Before I had seen Glenn's response this morning, we had emailed about this point. He had acknowledged that the "grammar is a bit vague" but that he "never thought, implied or claimed that that article had anything to do with detention."

But the question isn't detention. The question of "executive power" (as opposed to government power generally) is whether the president has a constitutional authority to decide what to do independent of Congress. That was the constitutional challenge raised by Bush-Cheney. No one thinks that there's a serious constitutional question (beyond due process rights) in this Court if Congress expressly gives the president the power to detain. The whole constitutional fight is about whether that policy judgment is one that Congress gets to participate in, or whether it is the president's to make alone. And what Glenn was saying is that Kagan's 2001 article is consistent with the "robust views" of executive power that Bush/Cheney advanced.

And so as I said last night on the Maddow show:

Now, that article was written before George Bush, before 9/11, and before George Bush articulated anything about this power. It has nothing to do with the power of the president to detain anybody. The power of the unitary executive that George Bush articulated -- this kind of über-power of unitary executive -- was nowhere even hinted at in Elena's article. Yet Glenn has repeatedly asserted that she is George Bush, and that is just flatly wrong.

This is my "falsehood" "spewed on TV." Except that whether it was "spewed" or not, it isn't false. Glenn has repeatedly suggested that Kagan's 2001 article shows that she believes the president has the power "instead of" Congress. That characterization of Kagan's view is flatly wrong. It was wrong to suggest she had said that about the ordinary work of administrative agencies. It was super-wrong to suggest she had said that about anything to do with the president's power to wage war. To link the two together in a single sentence would confuse -- even if the grammar were clear. And to hear people echo the words of Glenn, it is clear his confusion has spread.

Chill, Glenn. Dial down the outrage. Dial back the hyperbole. And stop calling those who applaud you liars. No doubt there are other progressives the president could have nominated with a clearer public record. I can well understand the frustration of some that the president didn't pick one of these others, even if I don't share it.
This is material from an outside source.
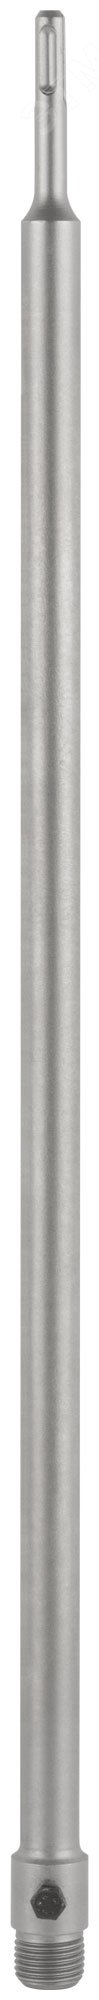 Удлинитель с хвостовиком SDS-PLUS для коронок по бетону, резьба М22, длина 600 мм 33458 FIT - превью

But you can make your point well enough without painting everyone else as liars or constitutional crazies. If I was confused by the "vagueness" in your "grammar," I apologize. I wouldn't have used it had I not read you repeat the thrust of the point again and again. But now that you've clarified it -- now that you've acknowledged that the 2001 piece does not support the Bush/Cheney doctrine of "executive power" -- let's move on. There are wildly more important battles to fight in our common campaign against the corruption of Congress. Winning that battle would ultimately be more important to progressives and our democracy than the difference between the justices Barack Obama could appoint.